Oil, notes David McDermott Hughes, is ‘most dangerous when it behaves ordinarily and when people treat it as ordinary … Only the abnormal event – the spill – brings a black goo into view and into contact with human flesh’ (McDermott Hughes 2017: 2–7). In this part, Tracy Lassiter (Chapter 2) and Imre Szeman (Chapter 1) take as their starting point the banality of oil infrastructure in settler-colonial landscapes. Lassiter's focus in Boom! is an 1859 image of Drake's Well in Titusville, Pennsylvania. While Drake's Well was not particularly productive (the oldest continuously productive oil well was drilled in 1866 in Trinidad), the gushing forth of oil on the eve of Drake's investors deciding that they would pull out of his speculative effort to commercially harvest ‘Seneca oil’ has profoundly shaped the colonial global economy. The enormous wealth of the Rockefellers was built by selling kerosene for heating and lighting in the 1870s, but the appearance of the internal combustion engine prompted a global search for oil. The imperial practice of mapping unruly territories so that they could be ruled, and their riches extracted, was now applied to the subsurface, as soon-to-be oil giants sought to build infrastructure that could profitably extract oil with a range of chemical and physical properties from a variety of territories under imperial control (Shafiee 2018).

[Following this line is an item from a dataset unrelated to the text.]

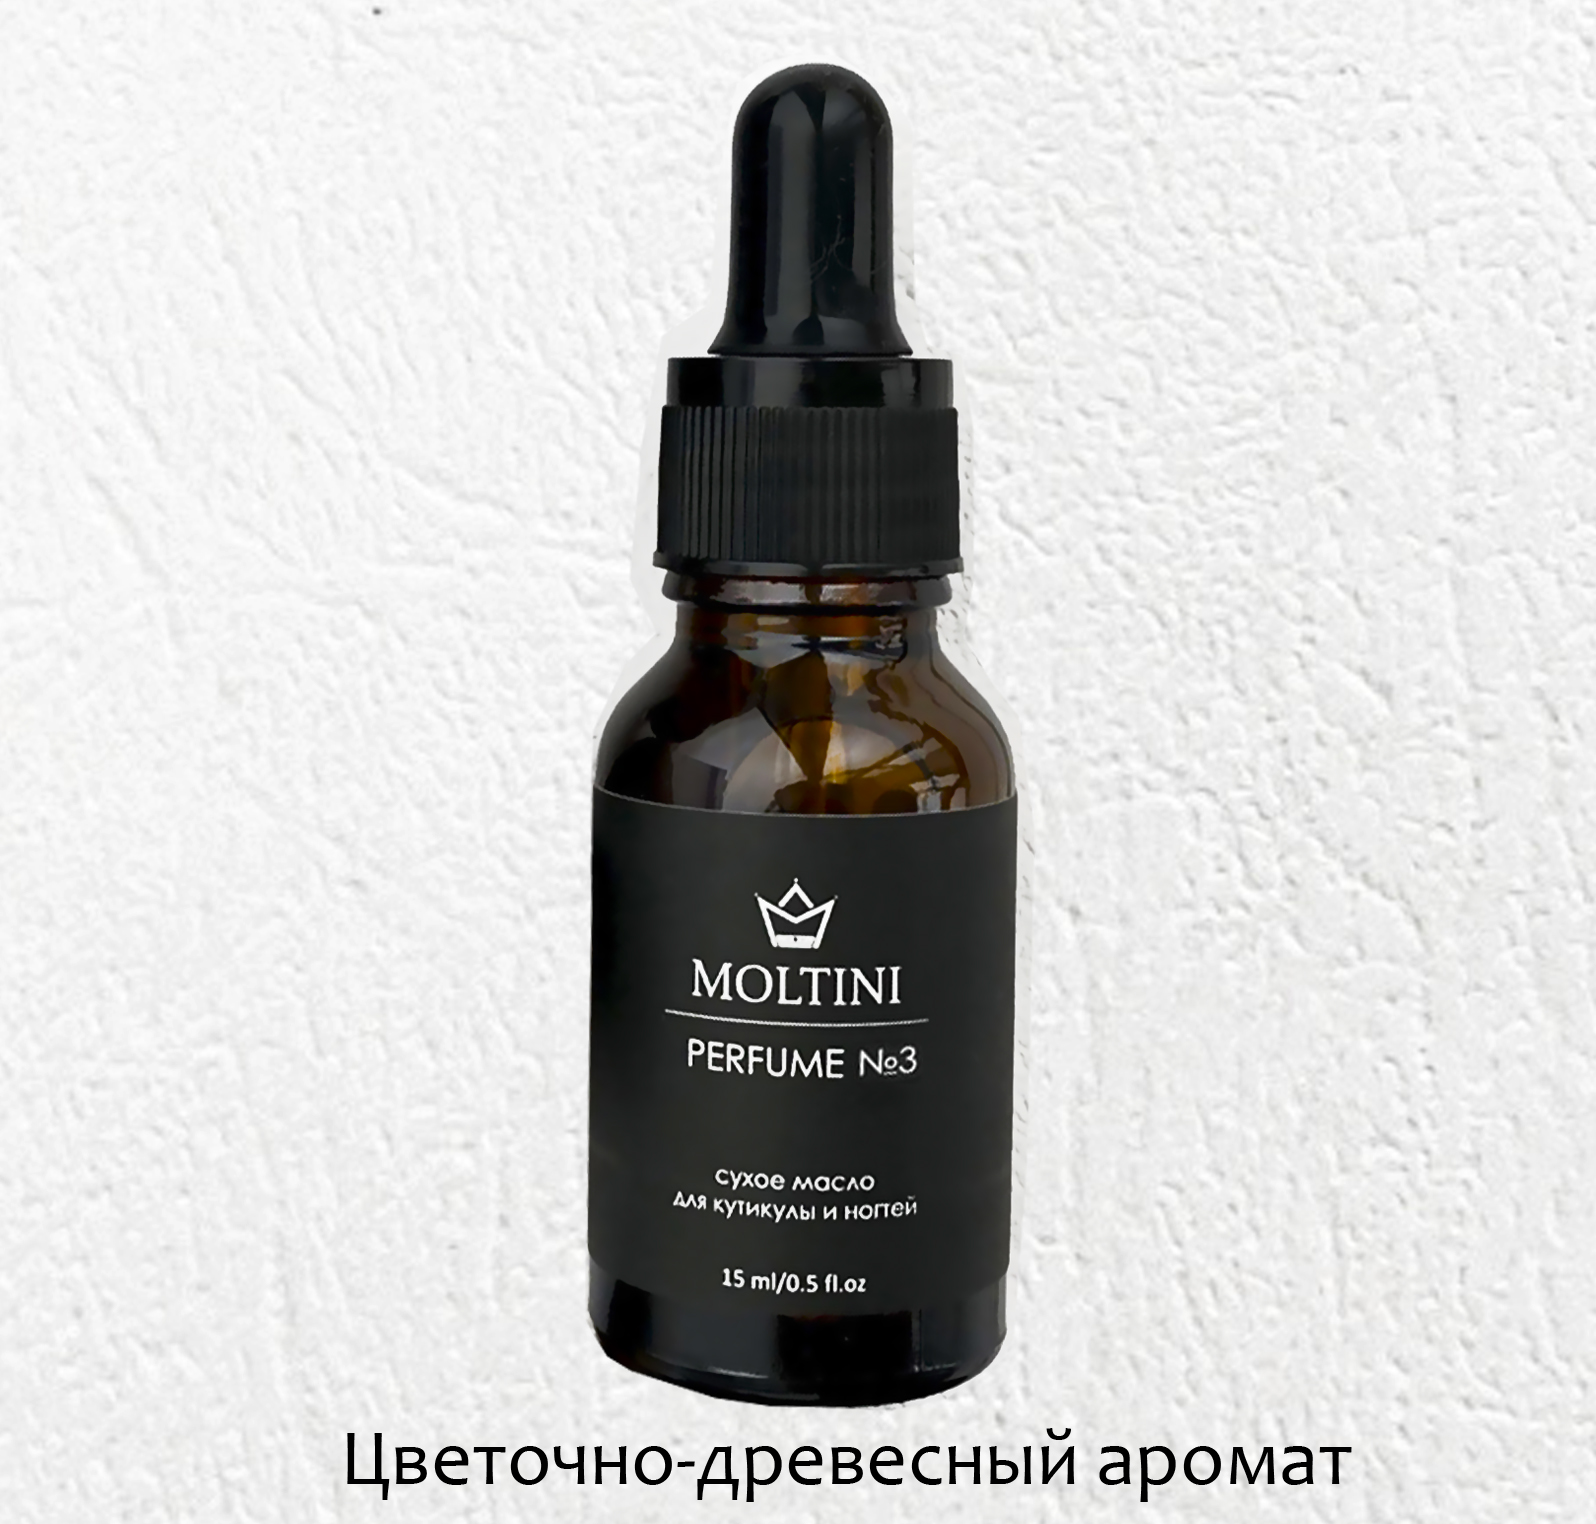 Сухое масло для кутикулы и ногтей "Moltini", аромат № 3 (цветочно-древесный), 15 мл

For all the work that goes into mapping territory, categorizing the qualities and properties of different types of oil and folding considerations of profitability into drill, derrick and pipeline design, most of us experience oil infrastructure ‘in the background’. Often you may find yourself engaging with such extractive infrastructure through an aesthetic mode. This is not to say that oil infrastructure is ‘art’, but that infrastructures ‘produce the ambient conditions of everyday life: our sense of temperature, speed, florescence, and the ideas we have associated with these conditions’ (Larkin 2013: 336). If you've ever lived near an oil rig or a refinery, how does it make you feel when you walk or drive past it? How does the air smell? What do cinematic images of oil infrastructure conjure up for you? Does oil infrastructure make you feel close to a kind of unnervingly fast, loud and bright ‘modernity’? Or do you feel yourself living in the shadow of a poorly maintained, soon-to-be relic of a foolhardy fossil fuel dependency? It is the sheer banality of oil infrastructure in Alberta's landscape that Imre Szeman (Chapter 1) takes as the focus in ‘Pumpjacks, playgrounds and cheap lives’. It is not only the banality of an oil derrick outside a McDonald's in Alberta, but the sense of playfulness and loyalty to a regional oil industry that Szeman uses as his jumping-off point for exploring the relationship between cheap food, cheap oil and cheap lives.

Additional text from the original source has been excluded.